Real Ospizio di SS. Pietro e Gennaro extra moenia
La storia
In antiche cave sotto l’ antico colle detto la “Penninata ” a Capodimonte vi sono le antiche catacombe di San Gennaro, luogo pieno di storia e devozione popolare di antichi racconti di miti pagani. Una zona piena di sepolcri e cimiteri dove si riunivano le prime comunità cristiane. In quel luogo sorsero le prime chiese paleocristiane. In questi luoghi tanto cari a San Gennaro e ai devoti cristiani napoletani venne edificata dal Santo vescovo Attanasio (figlio del Duca Sergio I) una nuova basilica e un convento dedicato a SS. Gennaro e Agrippino. Le strutture furono affidate alla cura di monaci benedettini dipendenti da “Juris sanctae Eclesiae Neapolitane”. Il convento fu ingrandito nel 1282 e qualche anno dopo nel 1291 ci aggregarono un ospedale per volontà dell’arcivescovo Oliviero Carafa .
” tosto si adoperò a creare una Congrega mista di nobili e plebei che potesse governarlo ”

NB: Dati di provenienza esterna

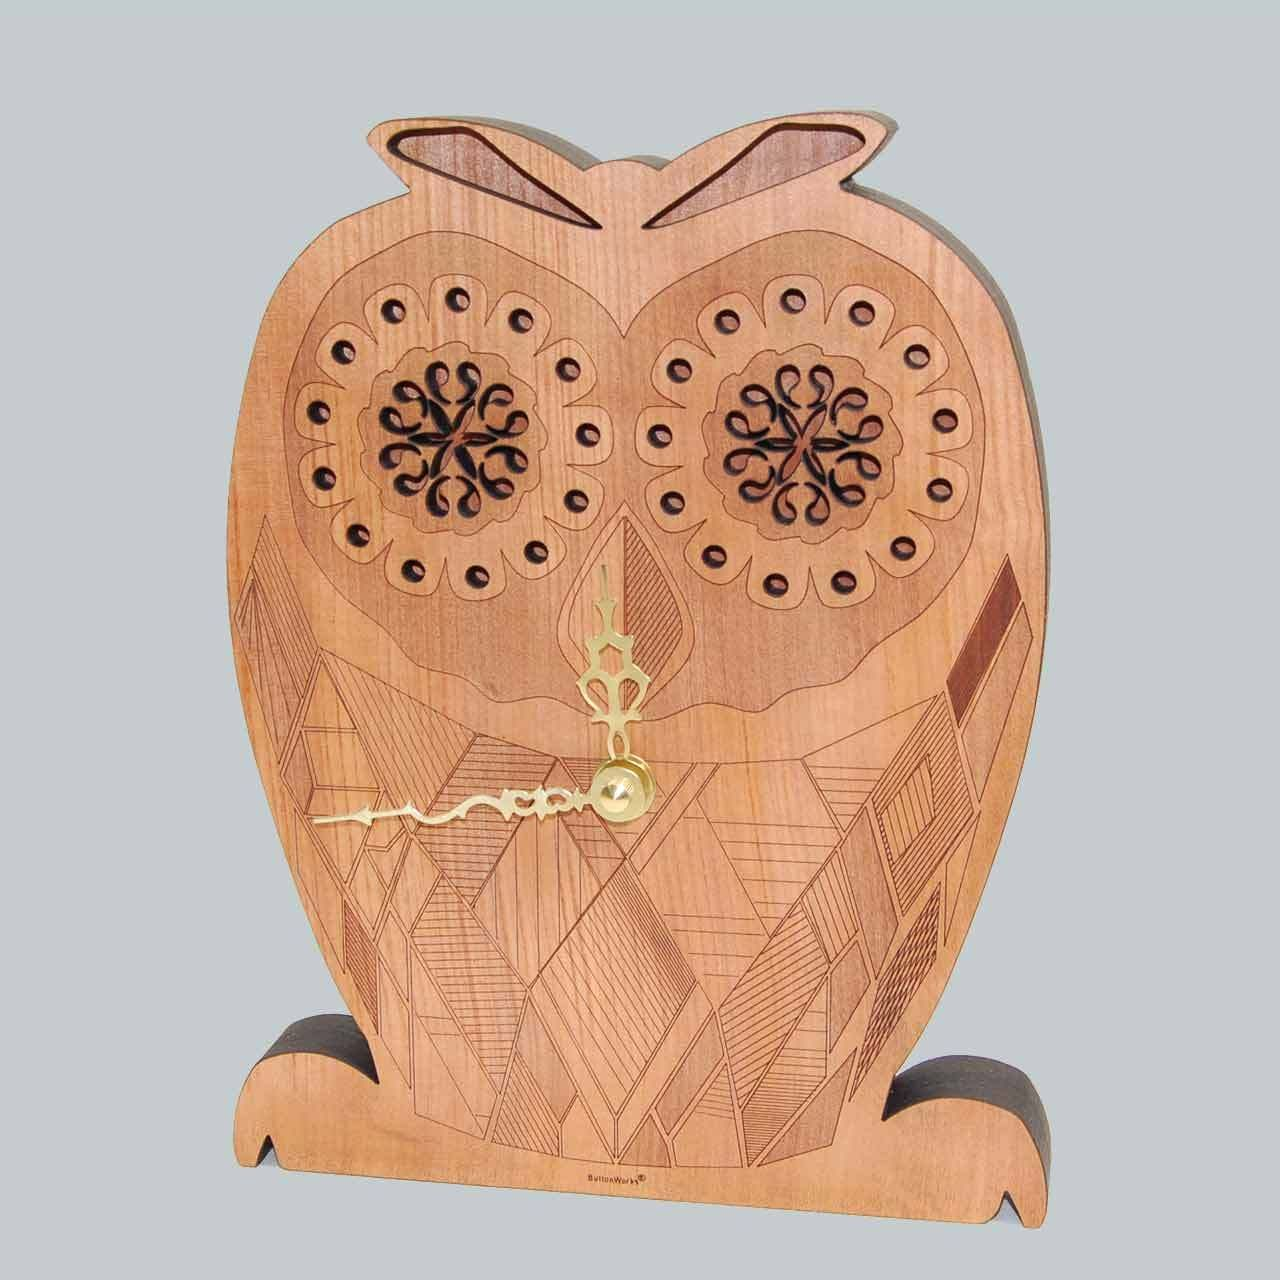 Wooden owl clock cute folky girls wall clock gifts and wooden owl clock cute folky girls wall clock amipublicfo Choice Image

La gestione di questo ospedale fu affidata ai Cavalieri Templari degli Ospedali di Capua e di Sant’Eligio. Dal 1308 parteciparono alla gestione del nosocomio anche la confraternita laica dei nobili e artigiani di Napoli. L’ospedale era chiamato Ospizio dei Poveri dei SS Pietro e Gennaro, le cui statue, opere di Cosimo Fanzago, erano esposte sulla facciata all’esterno dell’ edificio. In seguito ad una disputa legale tra i monaci benedettini e la confraternita laica di San Gennaro, Papa Sisto IV nel 1474 in seguito a questo conflitto di competenza, assegnò alla confraternita laica sia il convento che l’ospedale ospizio. Così i monaci furono esautorati dal convento che era stato loro per cinque secoli. La gestione fu affidata a una congrega formata da rappresentati del popolo retta da quattro maestri delle piazze del popolo: di Capuana, di Santa Maria a piazza, di san Giovanni a mare e del Mercato. Un lustro appena era trascorso dalla pia fondazione dell’ ospedale di San Gennaro ad foris quando la città di Napoli fu colpita dal flagello della la peste.
La peste del 1516
Nel 1516 il San Gennaro dei Poveri accolse i malati di quel terribile morbo. In seguito il nosocomio venne abolito per favorire il nuovo ospedale napoletano degli Incurabili fondato dalla Maria Lorenza Longo. Durante l’epidemia di peste Il Re Ferrante I d’Aragona con la sua corte si rifugiò a Torre del Greco, quasi tutta la città “sfrattò fuori” come scrissero alcuni scrittori del tempo. La scelta di quel luogo per curare la peste , più che per la logistica, fu dettata dalla speranza, poiché la Sanità era una zona particolarmente salubre, considerata luogo di guarigioni miracolose, grazie all’aria incontaminata e alla presenza delle tombe dei Santi. L’ospedale che si trovava fuori le mura accolse i poveri contagiati e le catacombe racchiusero i corpi dei miseri estinti.
L’eruzione del Vesuvio
Il 16 novembre del 1631 ci fu una terribile e disastrosa eruzione del Vesuvio. Colonne nere di fumo e cenere che arrivarono oltre 15 km di altezza, terribili terremoti e una massa di lava incandescente colava minacciosa dalle pendici . I napoletani temettero il peggio per la città e le ceneri sprigionate dal vulcano arrivarono fino in Sicilia. Ma l’intercessione del santo calmò l’eruzione e per ringraziamento ci fu una grande processione alla basilica di San Gennaro extra moenia per ringraziare il santo. Pochi anni dopo la terribile eruzione un altro grande flagello si abbatté sul popolo napoletano.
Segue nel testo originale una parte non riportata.